S
Steven D'Aprano
Quite difficult. Even if we avoid having two or three separate
binaries, we would still have separate binary representations of the
string structs. It makes the maintainability of the software go down
instead of up.
In fairness, there are already multiple binary representations of strings
in Python 3.3:
- ASCII-only strings use a 1-byte format (PyASCIIObject);
- Compact Unicode objects (PyCompactObject), which if I'm reading
correctly, appears to use a non-fixed width UTF-8 format, but are only
used when the string length and maximum character are known ahead of
time;
- Legacy string objects (PyUnicodeObject), which are not compact, and
which may use as their internal format:
* 1-byte characters for Latin1-compatible strings;
* 2-byte UCS-2 characters for strings in the Basic Multilingual Plane;
* 4-byte UCS-4 characters for strings with at least one non-BMP
character.
http://www.python.org/dev/peps/pep-0393/#specification
By my calculations, that makes *five* different internal formats for
strings, at least two of which are capable of representing all Unicode
characters. I don't think it would add that much additional complexity to
have a runtime option --always-wide-strings to always use the UCS-4
format. For, you know, crazy people with more memory than sense.
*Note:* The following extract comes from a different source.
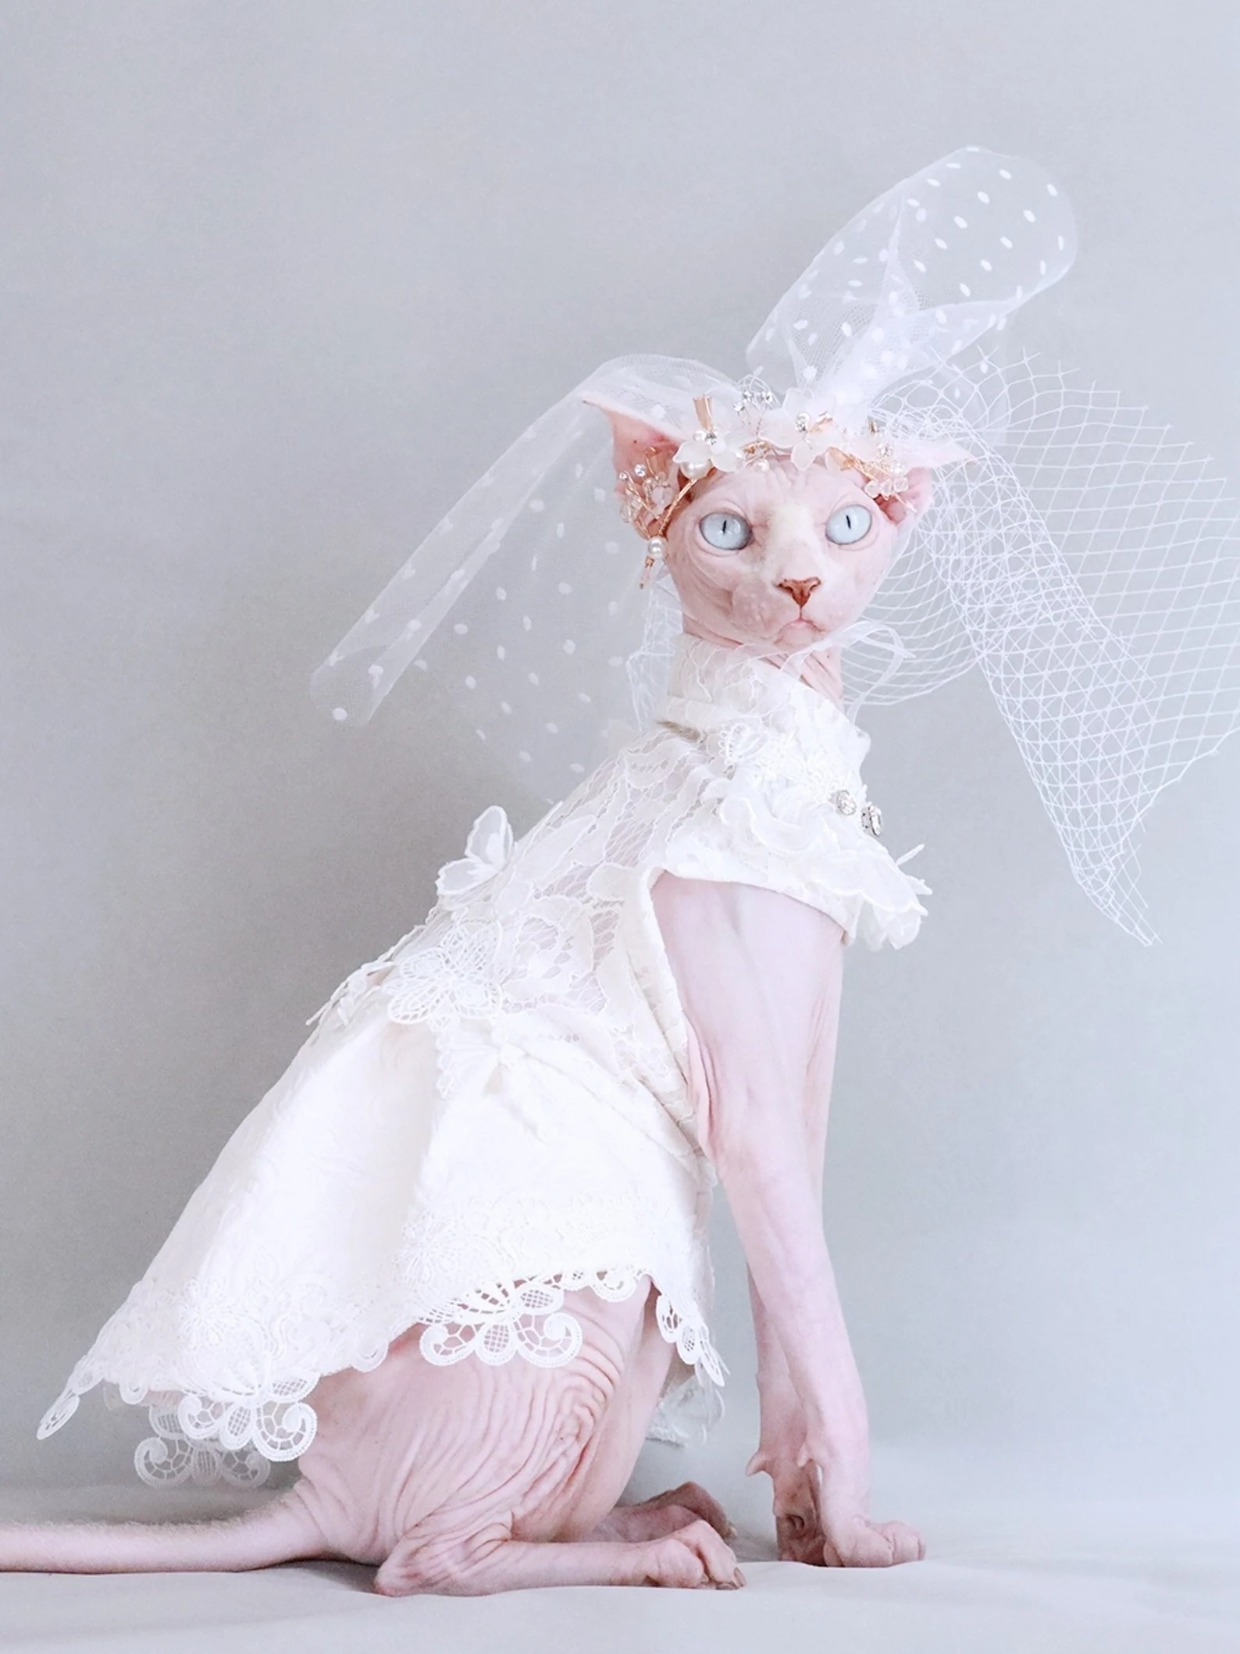 hairless cat wearing a wedding dress and veil

But I don't think there's any point in exposing further runtime options
to choose the string representation:
- neither the ASCII nor Latin1 representations can store arbitrary
Unicode chars, so they're out;
- the UTF-8 format is only used under restrictive circumstances, and so
is (probably?) unsuitable for all strings.
- the UCS-2 format can, by using surrogate pairs, but that's troublesome
to get right, some might even say buggy.
So instead of having just one test for my Unicode-handling code, I'll
now have to run that same test *three times* -- once for each possible
string engine option. Choice isn't always a good thing.
There is that too.